I have tried in the past to constrain my big feelings, control them, hide them, disavow or dissimulate about them for someone else's comfort. In doing so I hoped that someday, eventually, that person would understand and appreciate me in my entirety, accept the gift AND its curse.
It was always a lot of work and all that work ever did was trap me: trap me in my own desperate, obsessive yearning, my efforts to shrink myself enough so that someone I wanted to love me could find me merely acceptable, find me large enough for their needs but no larger.
This has never worked, and it has always left me diminished. These days, when I see this happening, I try to stop sooner. I have many kinds of grief already, and that particular kind of grief, when it keeps going, it's like a death every day, as I attempt to murder my self daily in order to be a person that someone else can merely tolerate. (Cue Taylor Swift here).
These days I try to say no right away, as soon as I hear it, that cacophonous salad of words that mean Not Like That, Not Like You, Not So Much, Not So Messy.
I'm not a violet wand, folks, I'm a goddamn electrical storm. You can't turn me on and off like a toy, and if you try, I might shock you.
If you, too, are a person with big feelings, I hope that you can also learn this lesson, and learn it sooner than I did, maybe.
It's not stupid to want someone to want the whole you. You didn't fuck things up because you were too much too quickly or at the wrong time or with the wrong words or whatever story you're telling yourself about how you should have been less and you would have been loved more.
I have many people who love me very much who do not need me or want me to be less, even if in particular moments they are not able to stand so close to all of my more. "I can't stand so close to your more right now" they say, but they don't expect me to make my more into less. They don't make me feel like my more is a fault.
I'm not for everyone. I'm not for everyone I wish I was for. I'm very sad when I find that someone I thought I was for, I'm not for, after all.
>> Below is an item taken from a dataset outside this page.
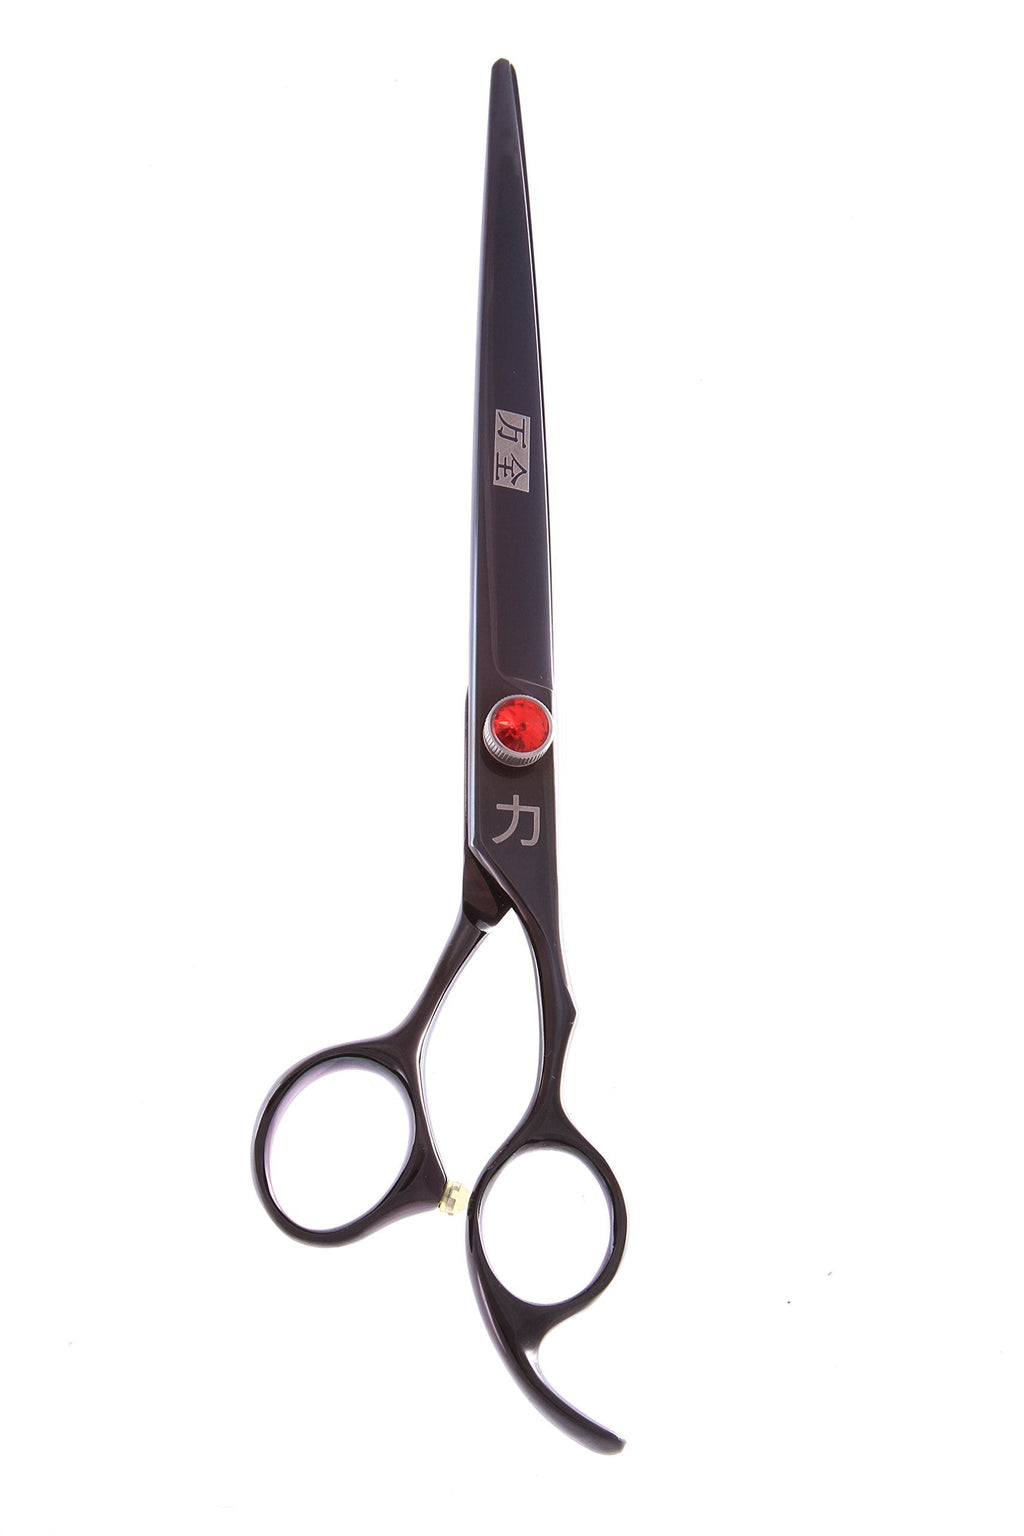 [Australia] - ShearsDirect Professional Black Titanium Cutting Shears Off Set Handle Design with Anatomic Thumb and Gem Stone Tension, 8.0-Inch

But after all, that's just one more kind of grief, and as I said, I always find grief, and that, in the end, is okay.
This isn't a very original tale, and it's not a very original moral. But it's one I've spent a lot of my life avoiding, because it's hard to be rejected on such a fundamental level. Like many people, I want to believe that everyone will love me if I just try hard enough. It isn't true, and it doesn't have to be.
Grief for people I've loved who haven't loved me back. That is their loss, yes, but it's also mine, and like all my losses, I have a right to feel grief over it. For as long as I want, as long as I need to, as long as I live, which so far has turned out to be the length of time all my griefs last.
One last thought: I was talking to a friend about a grief of mine and she said that she didn't want me to have to feel that grief. That is understandable. I don't want my friends to have to feel grief either.
But I choose this life, I said.
I choose it because anything else would be an amputation.
And I stand here whole in my choices, even when they seem to bring me nothing but grief.
Thanks for reading, and I hope you can find some solace in the solstice.